The Food and Drug Administration (FDA) set the maximum acceptable daily intake of sucralose at 5 milligrams per kilogram of body weight. In Europe, the maximum is even higher at 15 mg per kg of body weight. Most people don’t even approach the upper limit. That kind of sucralose intake can only come from 10 cans of soda in one day or 30 cups of Splenda-sweetened coffee, according to supervising author Karen Vousden, a cancer researcher and lab lead at The Francis Crick Institute.

Mice received the equivalent amounts, according to the FDA and European authorities, at 0.17 milligrams per milliliter^-1 and 0.72 mg per ml^-1 in their drinking water.

On the other end of the spectrum, Vousden underscores that the amounts of sucralose typically consumed are too low to meaningfully impact T cells. If you enjoy Splenda in every cup of tea, that’s not going to change your immune response.

The team stressed that since this is a mouse study, it’s no indication of what high doses of sucralose in humans may do. “As of yet, we do not know whether or not we would be able to see similar effects in humans,” co-author Julianna Blagih, a metabolism researcher at The Francis Crick Institute, said at the briefing.

It is, however, worth finding out.

When The Immune System Needs Suppressing

It may seem alarming that fake sugar might actually suppress the cells that help fight off infection, but this finding indicates that sucralose may be helpful to humans. What’s more, Vousden and co-authors Fabio Zani and Julianna Blagih underscored that the amounts in which people consume sucralose are low enough to not meaningfully impact their immune systems. Autoimmune disorders, like type 1 diabetes, occur when the immune system attacks your own body.

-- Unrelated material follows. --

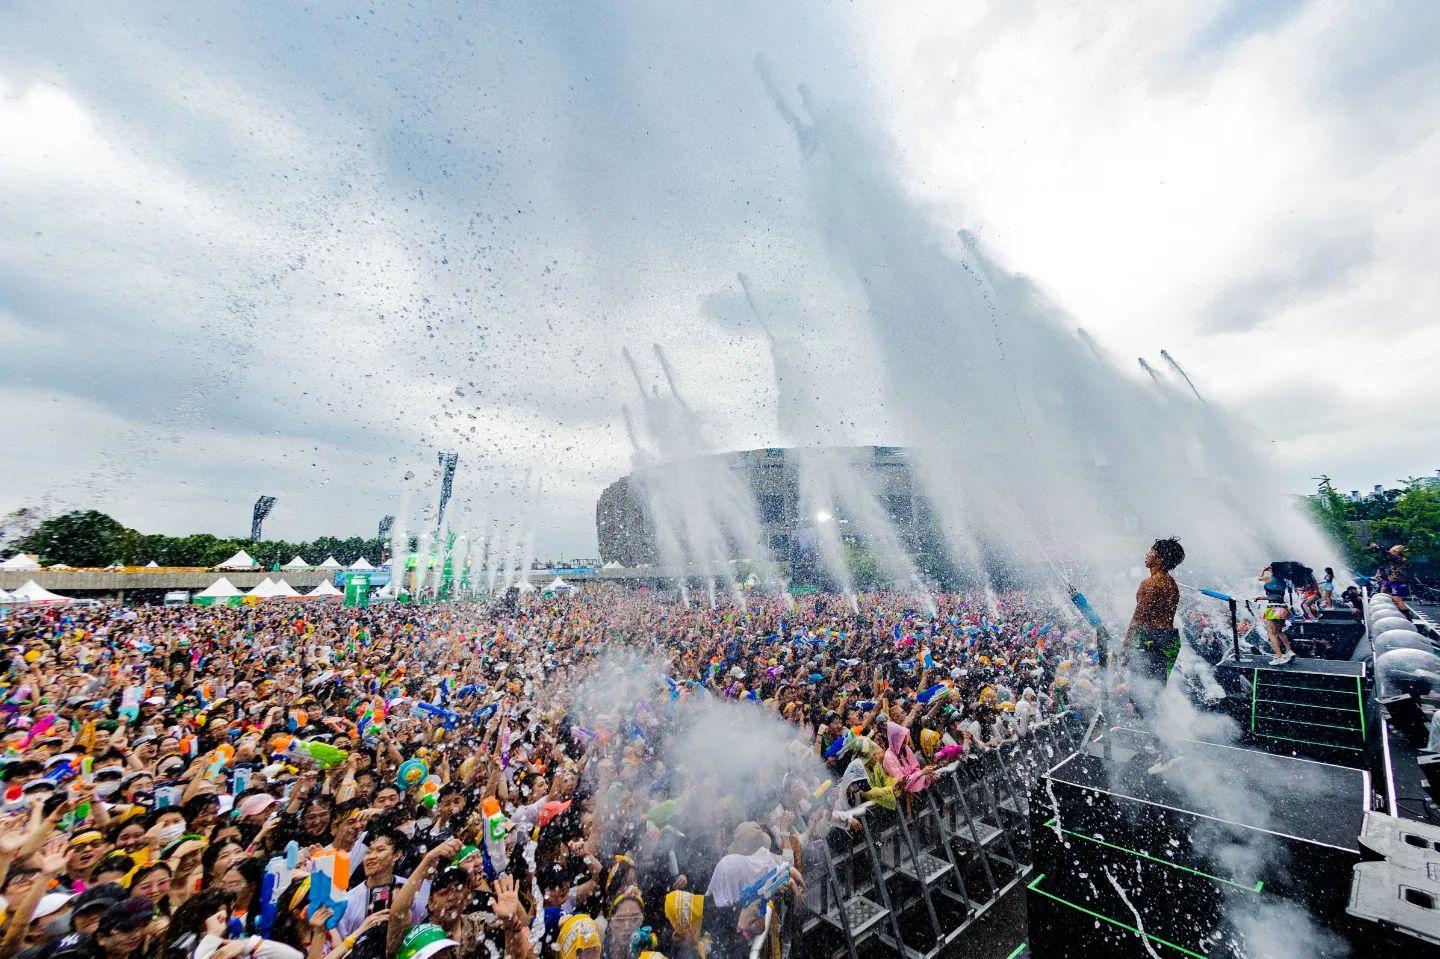 Korea's WATERBOMB Festival makes a splash in Dubai!

Another novel aspect of this finding is how isolated the effect is. Sucralose’s only observable effect on the mice was on their T cells. This means that it could become a treatment with minimal to no unpleasant side effects.

Sweet somethings

This paper is the product of more than five years of research. Blagih says she remembers doing the team’s first colitis model at the end of 2018.

Most researchers agree that this finding is preliminary and needs additional data, including future studies, to support it. Shin-Heng Chiou, an immunology professor at Rutgers University who was not involved with the research, writes to Inverse that he notices the “lack of mechanism of action that could explain how sucralose inhibits T cell function at high dose.”

Aware of this gap, Zani says that the missing biological mechanism merits further research.

“We don't have the full picture,” Zani said. There’s an inkling of how sucralose bamboozles a T cell’s membrane, impairing the cell’s activation, but still no evidence for the biological mechanism at work. “We are looking forward to [doing] more studies to try to figure it out.”